Is this your bonus month and have got a little extra cash? No worries, that can be easily adjusted in your SIP account without any hassles. Just like a bank account, you get a folio number which can be used to transfer any amount of funds.


4. Myth: SIP can be done only by individuals


This is a very common and widely accepted myth. However, you can definitely invest in the name of your company by going through the KYC documentation similar to an individual. There is an array of mutual funds which can provide a better return than your current account and tax-benefits also at the same time.


5. Myth: Daily SIP is better than Monthly or quarterly SIP


With the advent of a variety of options, daily SIP is a step forward.
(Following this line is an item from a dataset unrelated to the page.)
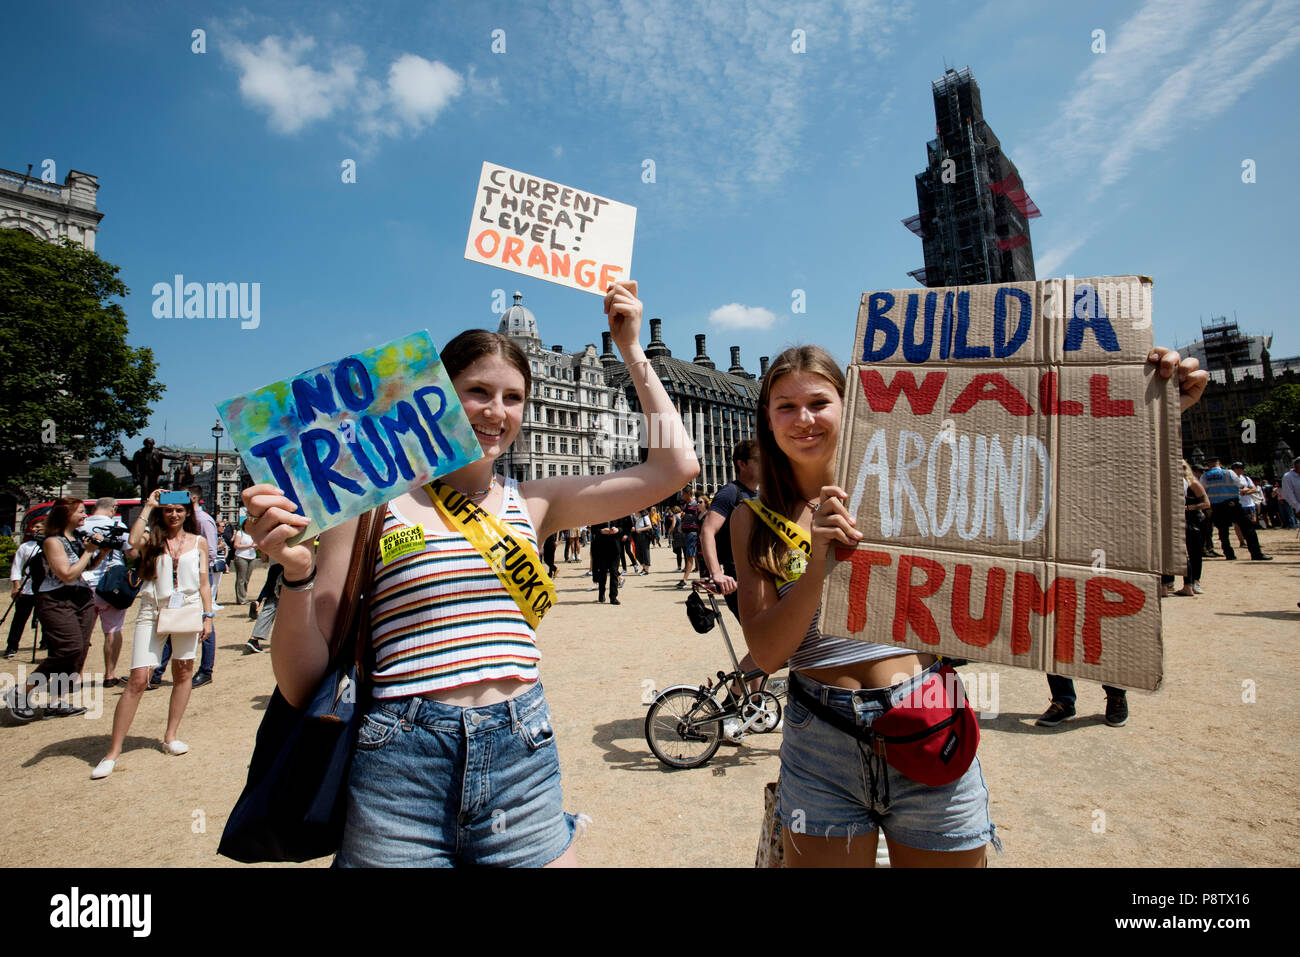 President Trump demonstrations, London, England UK. 13 July 2018 Anti US President Trump demonstrations in Parliament Square, Westminster, London England today. Credit: BRIAN HARRIS/Alamy Live News Stock Photo

It allows an investor to contribute as low as Rs.10 per day. Although, the nitty-gritty supersedes the sheen of this option. It can lead to investment tracking burdensome. Also, the returns from daily options aren’t even better than that of monthly.


6. Myth: I have to bear a heavy penalty if I miss any instalment of SIP


The mutual fund industry is not bound to charge you with any penalty if you miss an instalment. Neither your credit score is going to be conceited. The only consequence of missing your period SIP is you won’t be able to purchase the mutual fund s units of that month. SIP is not your liability but your voluntary step to your financial independence.